Aparicio v. Baumann, No. 3:13-cv-00281 (D. Nev. Jan. 21, 2014) [click for opinion]
In a case involving a car accident in Nevada, Defendant brought a motion for a protective order over written and oral statements that Defendant made to its insurer. Plaintiff is a Nevada resident, and Defendant is a Canadian who resides in British Columbia ("BC"). On his return to BC, Defendant corresponded with his insurer about the accident, who took Defendant's written and oral statements. Defendant sought an order to protect the statements based on the Canadian doctrine of litigation privilege, which protects records that came into existence for the dominant purpose of preparing for, and advising on, or conducting litigation that was under way or in reasonable prospect at the time the record was made.
The court cited Federal Rule of Evidence 501 and the general rule that "a federal court sitting in diversity applies the choice of law rules of the state in which it sits." Therefore, it found that it was to apply Nevada's choice-of-law rules.

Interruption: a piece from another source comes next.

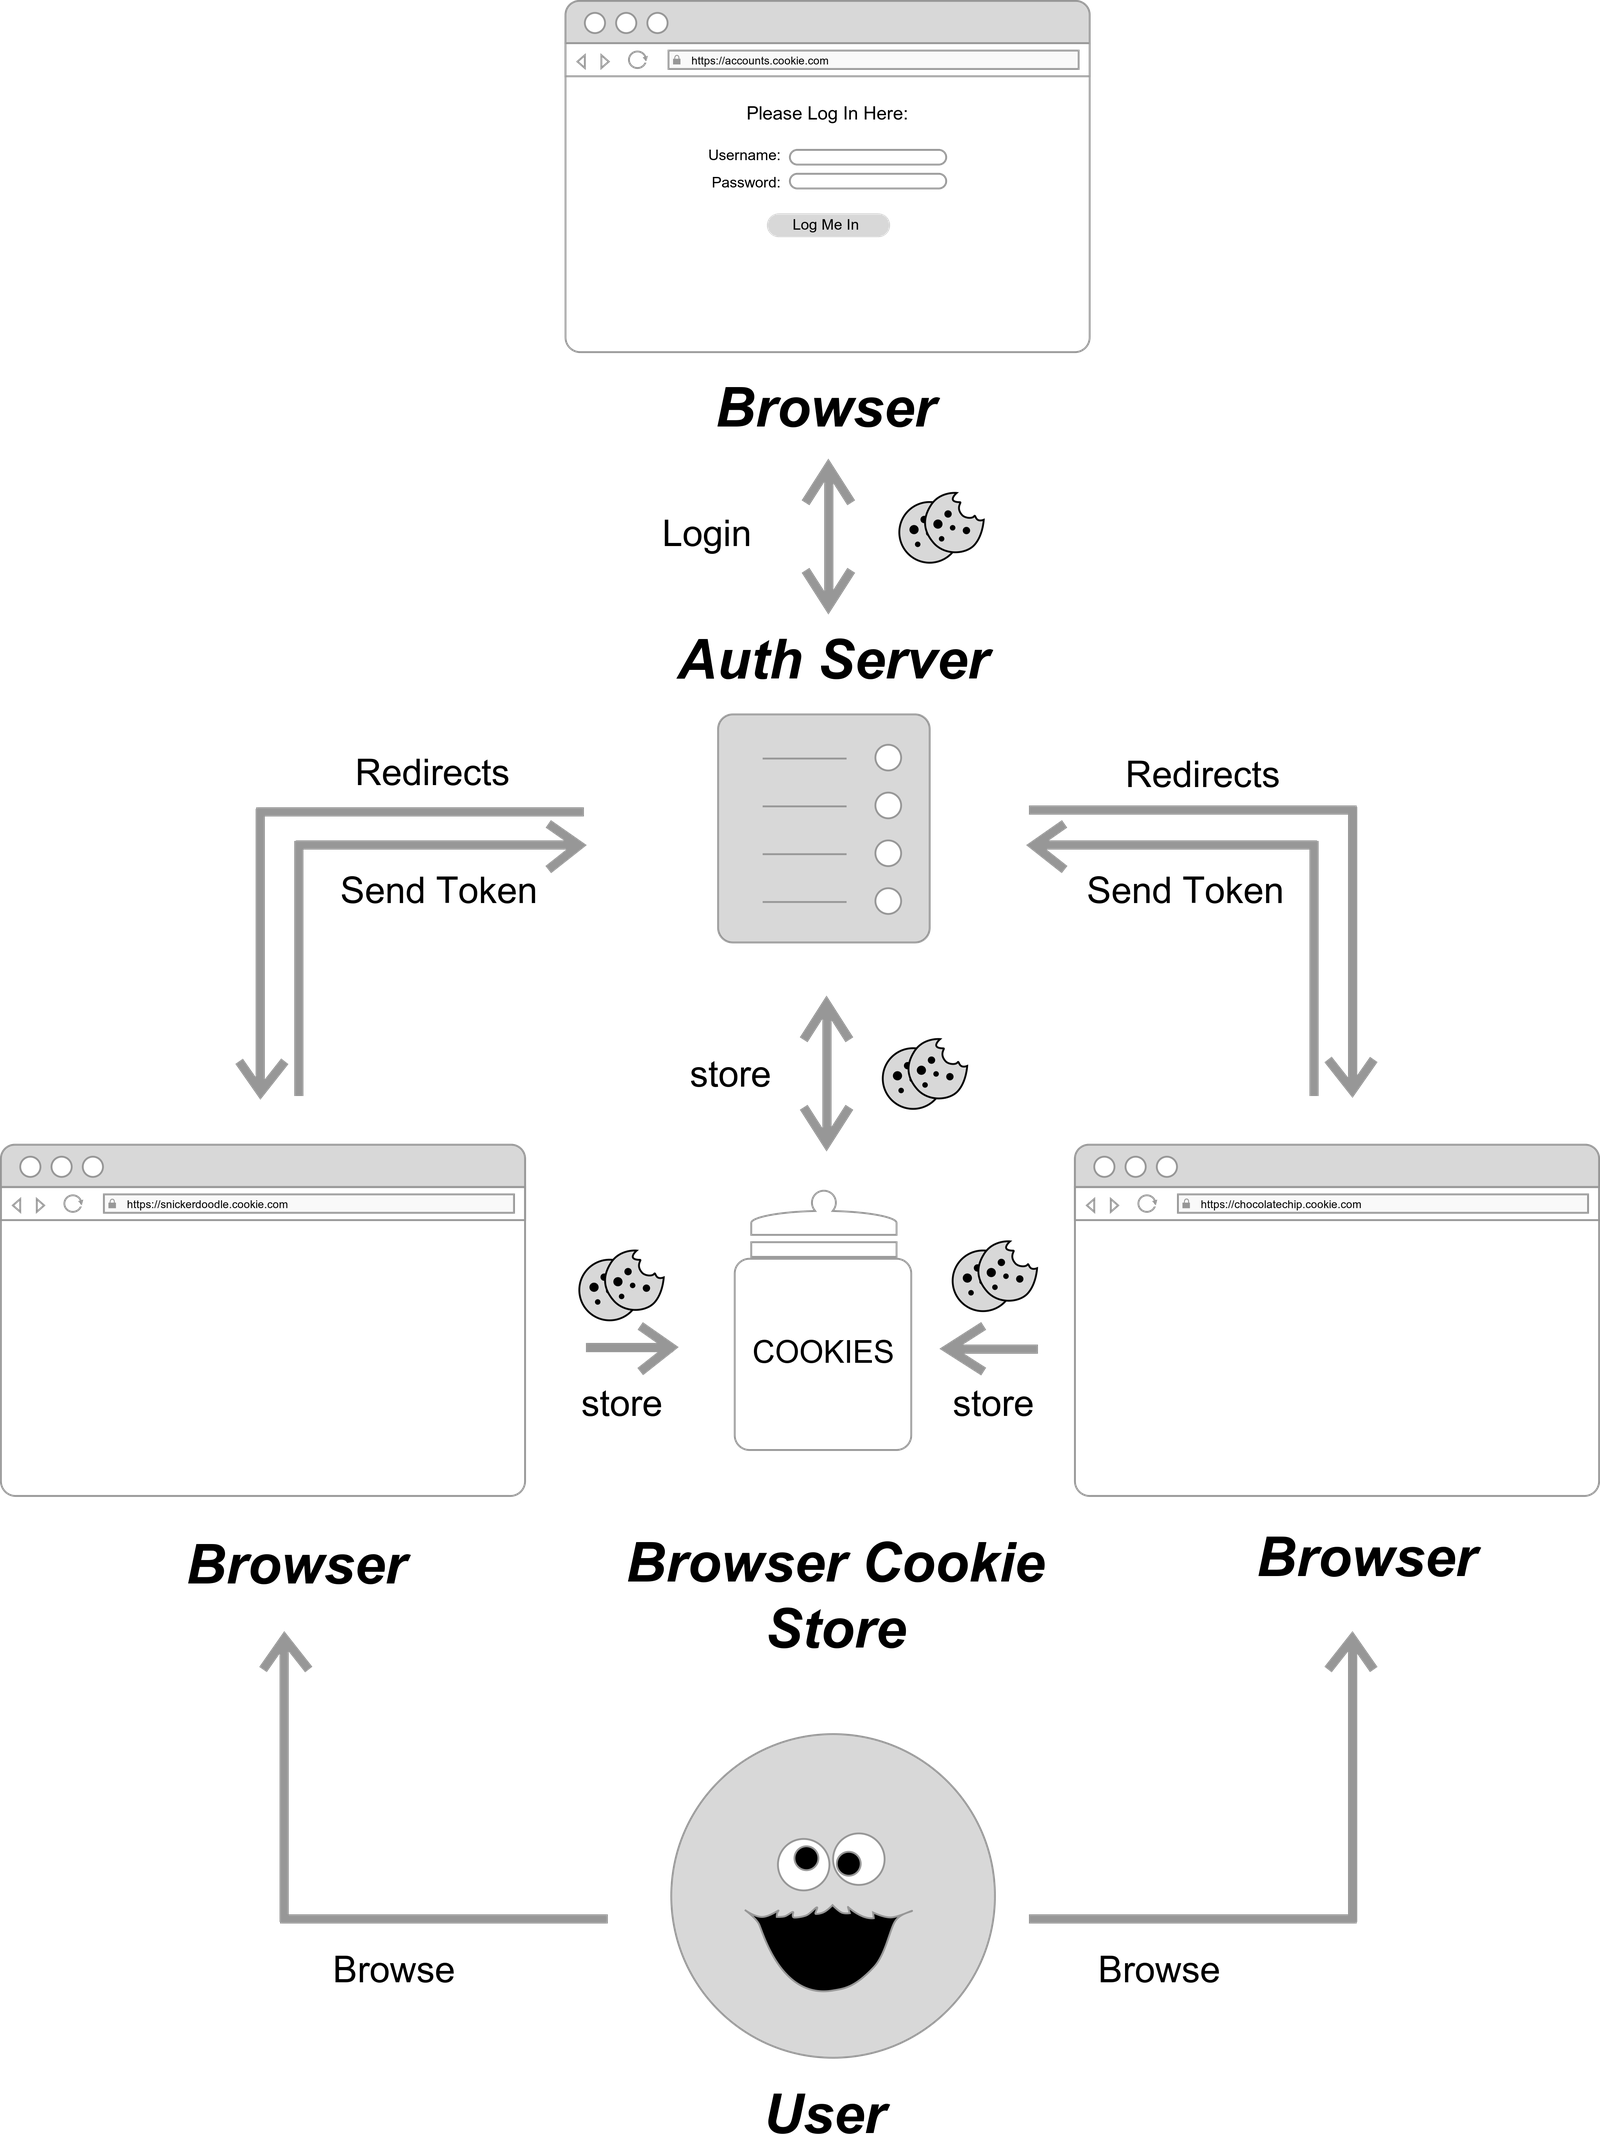 SSO Authentication Flow Diagram

Accordingly, the court applied Nevada's four-part "most significant relationship" test to determine which rules applied to the statements in question.

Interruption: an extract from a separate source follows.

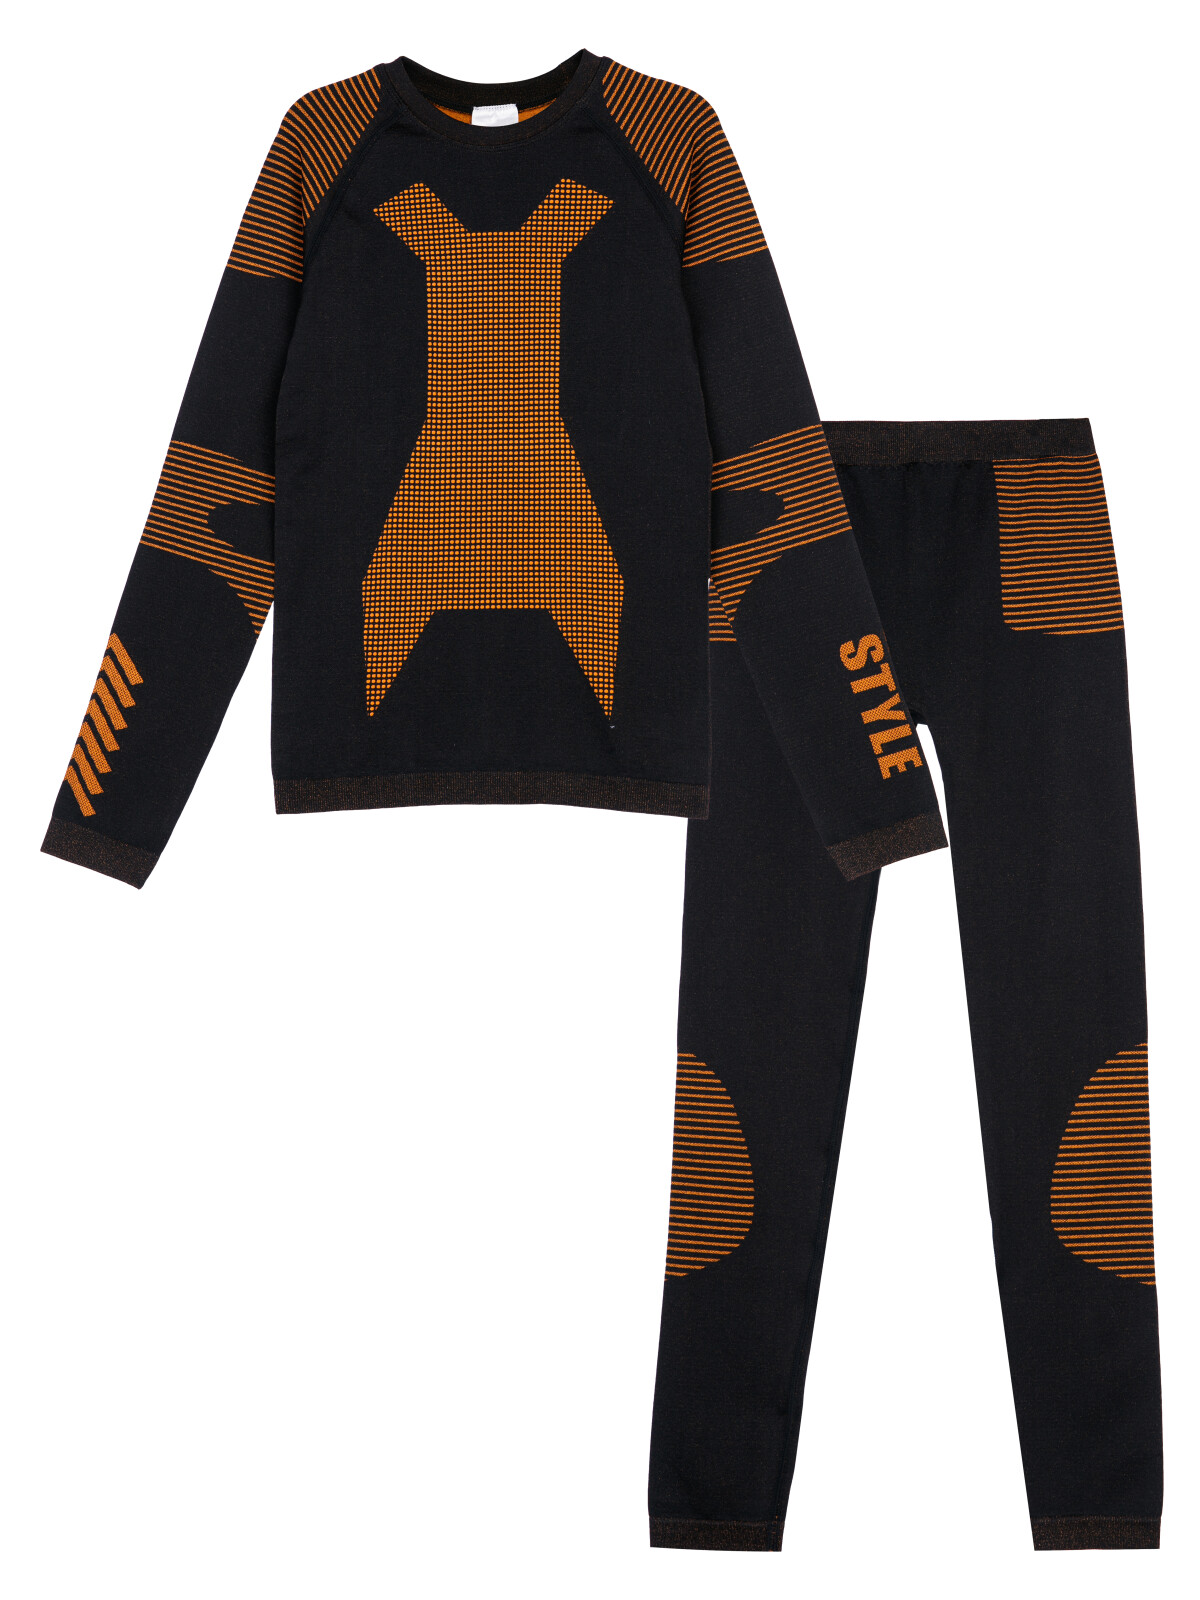 Термокомплект для мальчиков PlayToday: брюки, толстовка, черный,оранжевый, 164-170

Relying on the following facts, the court found that BC had the most significant relationship to the statements that Defendant gave to its insurer: (1) Defendant had only minimal contacts with Nevada, and the statements were made in BC to the insurer, which likewise had no connection to Nevada; (2) even though the statements were material to the action, evidence about the accident could be obtained through the usual discovery routes; (3) the protection of work product is well established in Nevada and in BC; and (4) both parties to the statements were BC citizens, the statements were made in BC and the insurer regularly relied on this privilege in anticipation of litigation. The court thus found that the test weighed in favor of applying Canadian litigation privilege to the statements.